As the Hollywood guild of actors and writers continues to strike, several authors have joined the movement against Artificial Intelligence with a lawsuit of their own. Seventeen authors, including George R. R. Martin, John Grisham, and Jodi Picoult, have filed a lawsuit against OpenAI for ‘systematic theft on a mass scale.’ They are referring to the use of their books as training material for their AI — ChatGPT.
According to the complaint, the authors’ works have been used as fodder to train the AI. This is proven by the fact that it is able to accurately give summaries of the authors’ various works. There is also speculation that the AI has come up with an unauthorized and unofficial prequel to the Game of Thrones series, i.e., The Song of Ice and Fire. The detailed outline of the prequel is supposedly called A Dawn of Direwolves.
These issues together have led the authors to file a lawsuit demanding compensation. This lawsuit is the recentmost addition to the series of complaints artists have filed against AI companies in the last few years. For example, Margaret Atwood and Philip Pulman wrote a letter demanding compensation.
The Lawsuit and Letters May Indicate a Deeper Problem
While violation of the authors’ copyright is a serious concern on its own, the case also highlights further instances of AI replacing human-created content.
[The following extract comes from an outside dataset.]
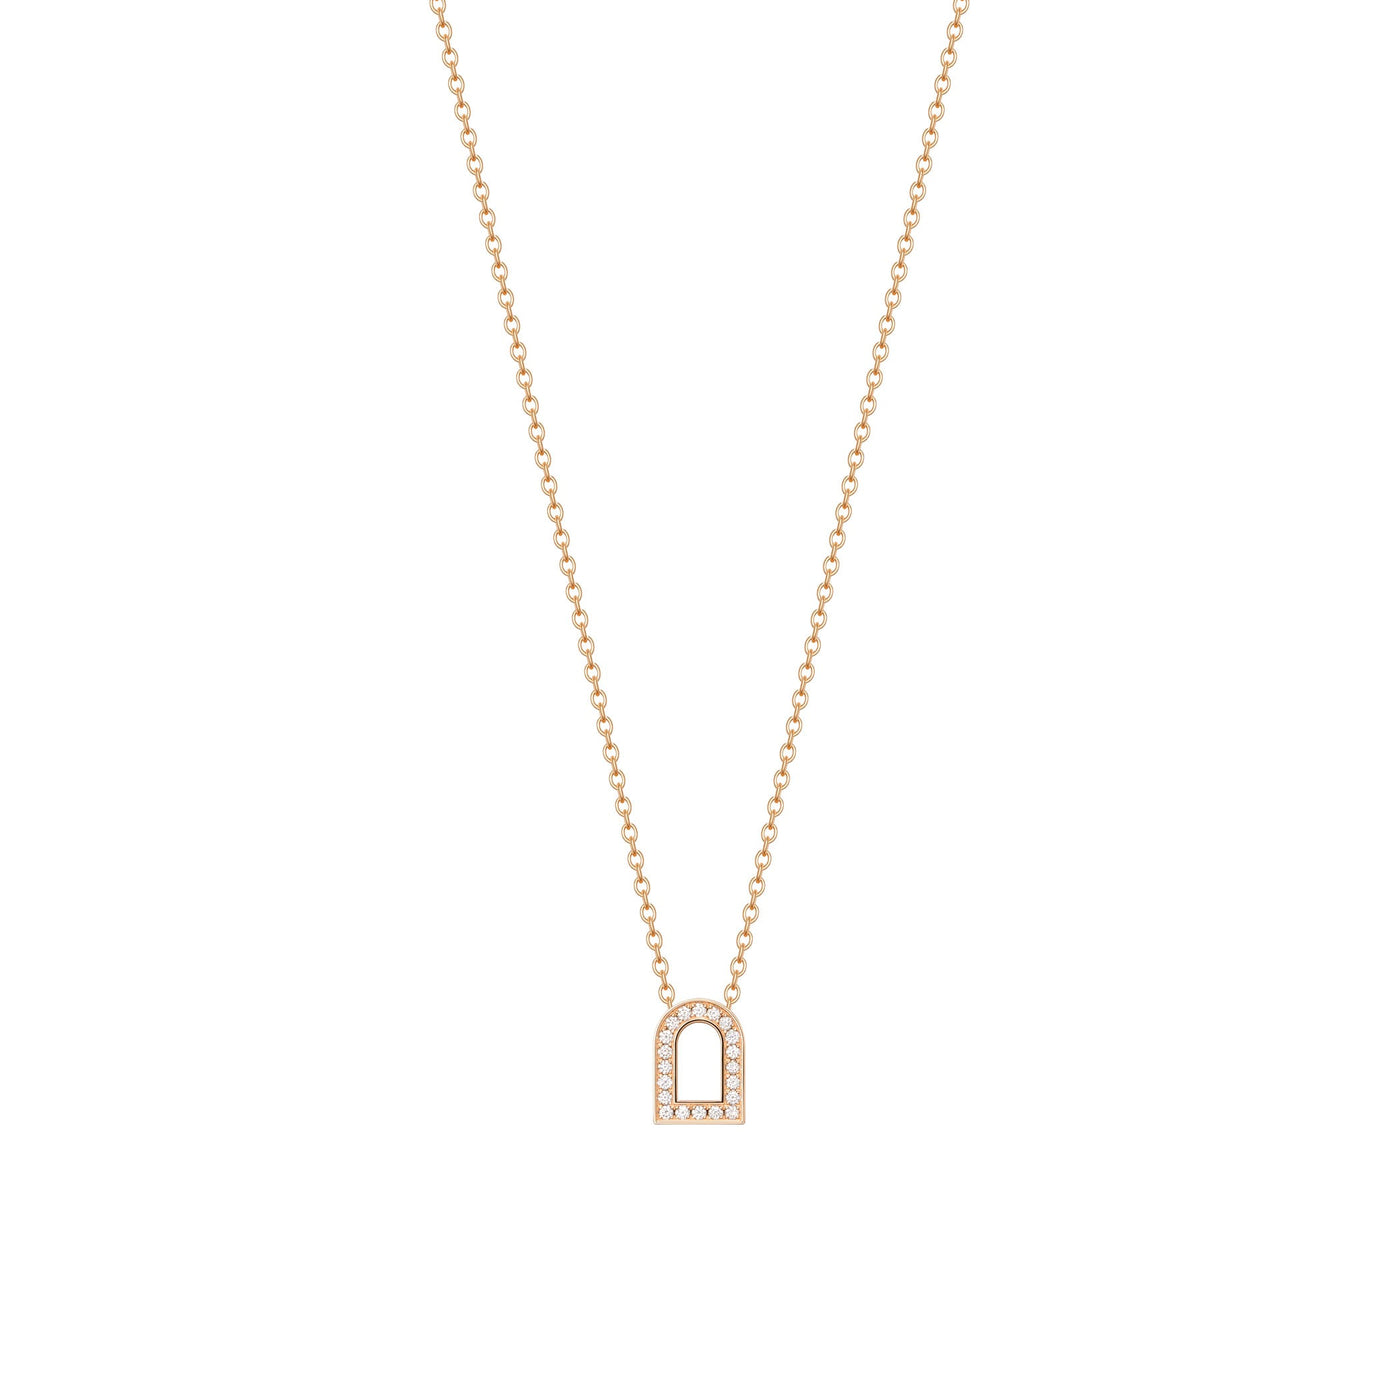 L'Arc Voyage Charm PM Chain Necklace, 18k Rose Gold with Galerie Diamonds - DAVIDOR

In the long run, Artificial Intelligence could completely replace humans in the creative arts.
This is, thus, not a copyright issue. It is the fear that AI is displacing humans. When it comes to art, which is considered so essentially human, AI replacing artists could create not just an economic or professional crisis but an existential dilemma.
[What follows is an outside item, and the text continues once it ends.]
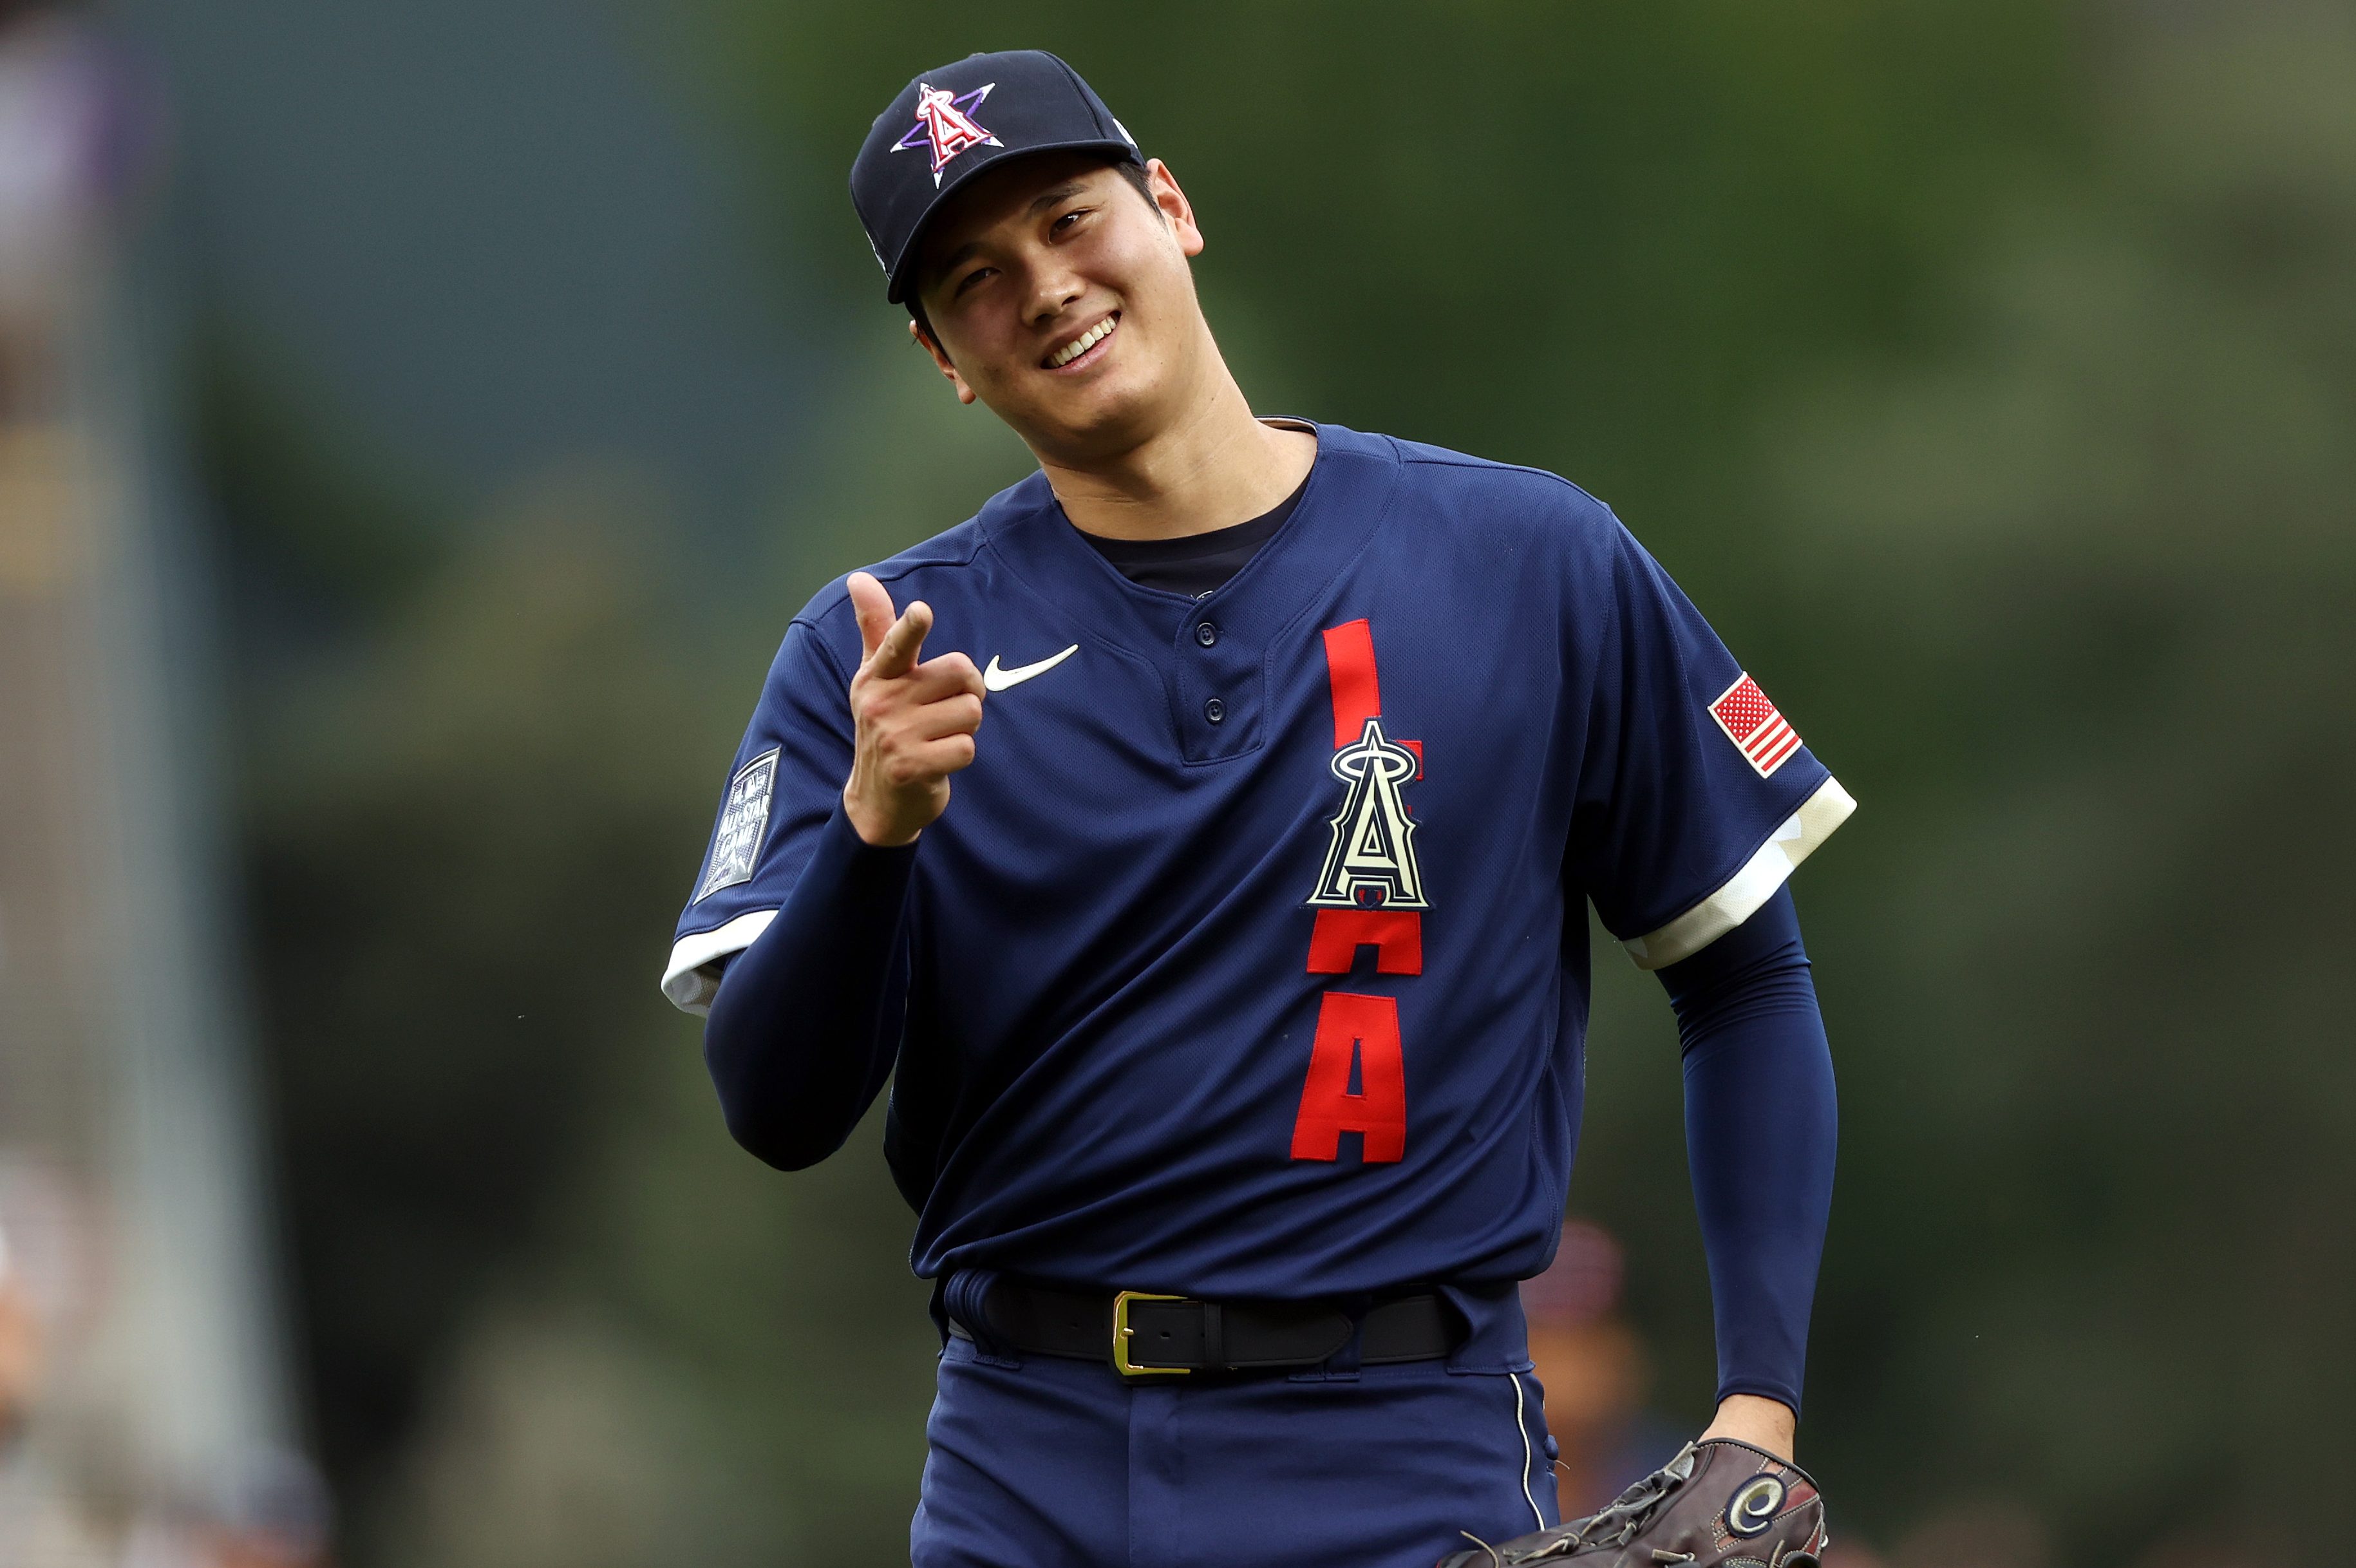 Shohei Ohtani during the 91st MLB All-Star Game

If ChatGPT can take George R. R. Martin’s books, learn from them, and create page-turners set in Westeros, what’s to stop it from creating entire literary universes all on its own? And if it does succeed at that, what would it mean for artists and media creators? Currently, Amazon’s virtual shelves are being filled with books self-published by “authors” providing text prompts to these AI bots and having them spit out literary works at a speed no human can hope to compete with.
A copyright lawsuit and open letter, thus, may not cut it at this point, unfortunately enough. What is required is systematic change and intervention at a parliamentary level. New copyright laws and other litigation would need to be created, defining the standards and rules of a literary and artistic world.
What it Means for Now
For writers — whether they write novels or content — Artificial Intelligence is being seen as a job killer. It could mean mass-scale layoffs across sectors as everything from web copy to professional reports starts getting created by AI.
Currently, in its early stages, programs like ChatGPT can create content that, with just a little editing, can look indistinguishable from human writing. For every kind of writer out there, this could seem like a potential threat to their livelihood. That said, experts are still of the opinion that it is not apocalypse now. Not yet, anyway.
No matter how smart, AIs still struggle with emotion. They are driven by patterns and data. So, while they can sound human-like, they still struggle with contextual intricacies. Hyperboles and metaphors are just not their cup of tea.
This brings us to what can happen. Experts suggest taking this as a learning opportunity. Use AI as a tool to become better writers. Because there are some things that are so inherently human, that an AI cannot hope to master them. Again, maybe just not yet.
That said, it is high time there are systematic changes made so it does not violate writers’ and artists’ right to create a livelihood. After all, it is a man’s right and plight to make art. And that is something that should be protected, lest one forgets what separates man from the machines.